Solid waste disposal in King County
About illegal dumping in King County
Illegal dumping is the dumping of solid waste onto the surface of the ground or into the waters of the state, except at a permitted disposal site. It's known in the regulations as "unlawful" dumping. Solid waste includes garbage, rubbish, abandoned vehicles or parts, demolition and construction waste, recyclable materials, etc.
For King County residents outside of Seattle:
- To file a complaint about rat infestations, rats in toilets or rats associated with illegal dumping of garbage and solid waste you can call us at 206-263-9566 or write us through Environmental Health's online services portal. Additional information is at www.kingcounty.gov/rats
- Report incidents of illegal dumping within King County to the Illegal Dumping Hotline at 206-296-7483, open 24/7 and they will assign to the appropriate jurisdiction. In the case of abandoned vehicles, the complaint will be referred to the appropriate agency.

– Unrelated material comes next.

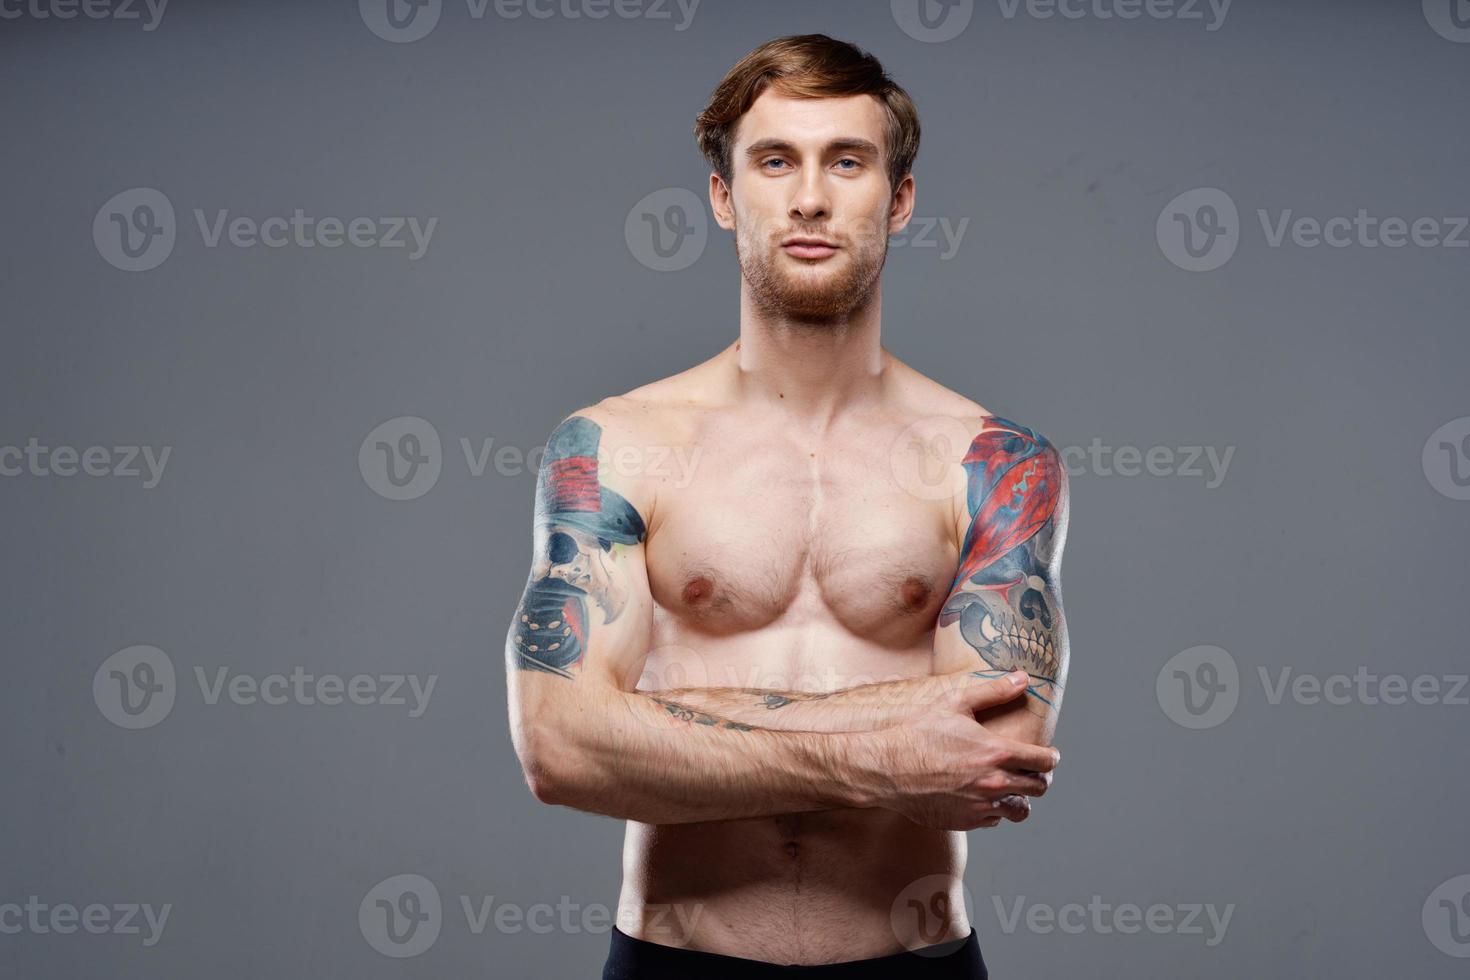 man with tattoos on his arms pumped up torso workout cropped view bodybuilder photo

- When you call Public Health during the day, your complaint will be assigned to an Health and Environmental Investigator who will contact you in the process of resolving the issue. Call 206-263-9566. If you call after hours you may leave a message.

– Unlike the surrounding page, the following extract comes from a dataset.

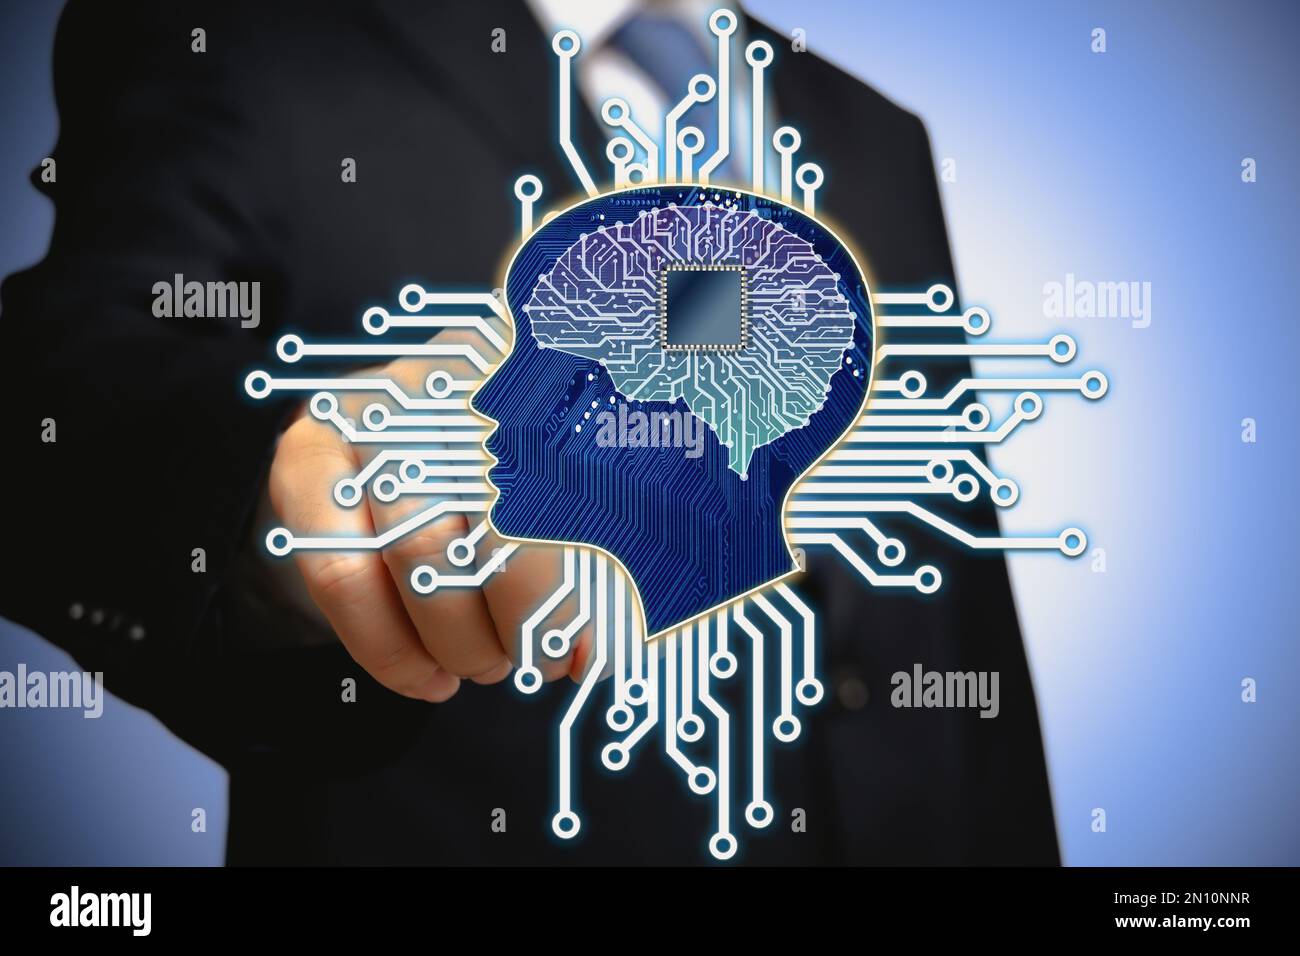 Future business concept using artificial intelligence technology Stock Photo

For City of Seattle residents:
- Seattle residents can report overflowing garbage cans and large bins to Seattle Public Utilities.
- Commercial property bins and overflowing garbage complaints can be reported to 206-684-4166.
- Residential or apartment bins or overflowing garbage can complaints can be reported to 206-684-7665.
- Seattle residents should report illegal dumping on public property with Seattle Public Utilities or by calling 206-684-7587. Public property includes city roadsides, parks, open streets and paved alleys.
- Seattle residents can report illegal dumping on private property to the Seattle Dept. of Planning and Development or by calling 206-615-0808
- Seattle residents can report rodent issues associated with an illegal dumping at www.kingcounty.gov/rats.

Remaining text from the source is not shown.